Detecting d-Amino Acid-Containing Neuropeptides Using Selective Enzymatic Digestion

Michael A. Ewing, Jane Wang, Sarah A. Sheeley, and Jonathan V. Sweedler*
Department of Chemistry and the Beckman Institute, University of Illinois, Urbana, Illinois 61801
Anal. Chem., 2008, 80 (8), pp 2874–2880
DOI: 10.1021/ac7025173
Publication Date (Web): March 15, 2008
Copyright © 2008 American Chemical Society
*

 To whom correspondence should be addressed.
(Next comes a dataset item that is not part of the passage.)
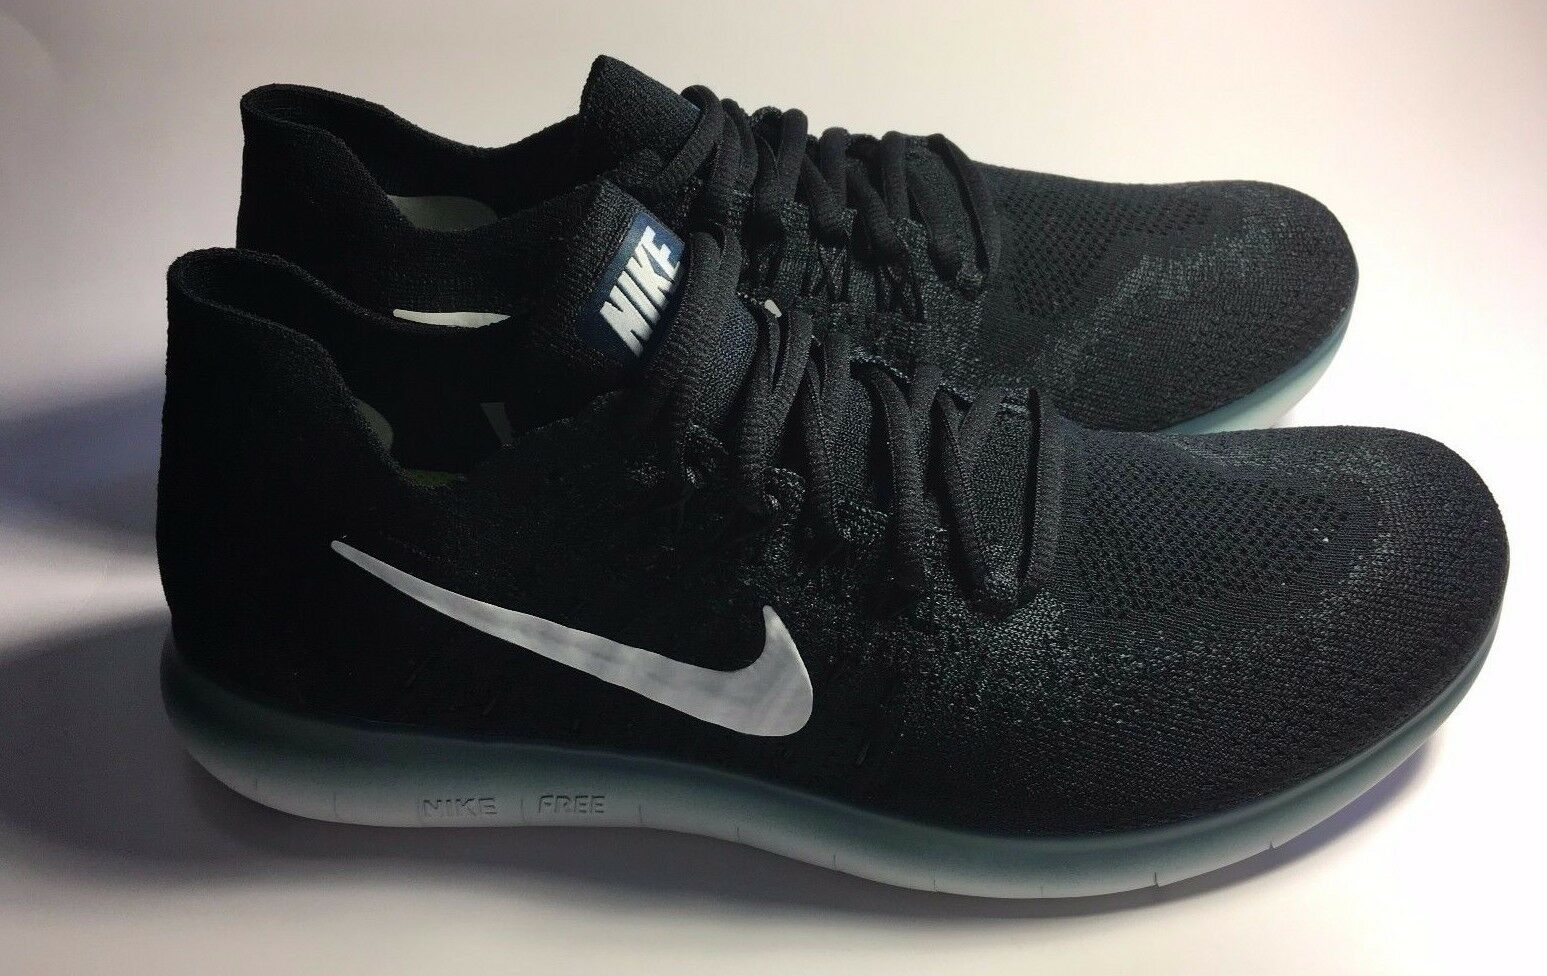 Nike Men's Free RN Flyknit  Running Cross Training shoes Size 10 (CM 28)

Voice:  217-244-7359. Fax:  217-244-8068. E-mail:  sweedler@scs.uiuc.edu.

Abstract

Neuropeptides, gene products that undergo extensive post-translational modification (PTM), are frequently characterized using mass spectrometry (MS). One PTM in particular, the conversion of an l-amino acid to a d-amino acid, has no associated mass shift. Therefore, this PTM is difficult to evaluate using MS alone, especially in complex peptide mixtures. Here, enzymatic digestion using microsomal alanyl aminopeptidase is combined with MS characterization. This enzyme selectively degrades peptides lacking a d-amino acid in the second position from the N-terminus. By comparing a sample before and after digestion, d-amino acid-containing peptides (DAACPs) present in small quantities in a complex mixture can be identified, even among much larger quantities of other non-DAACPs. Protocols that use microsomal alanyl aminopeptidase as a discovery-enabling agent are described and validated by identifying a known DAACP from the Aplysia californica abdominal ganglion.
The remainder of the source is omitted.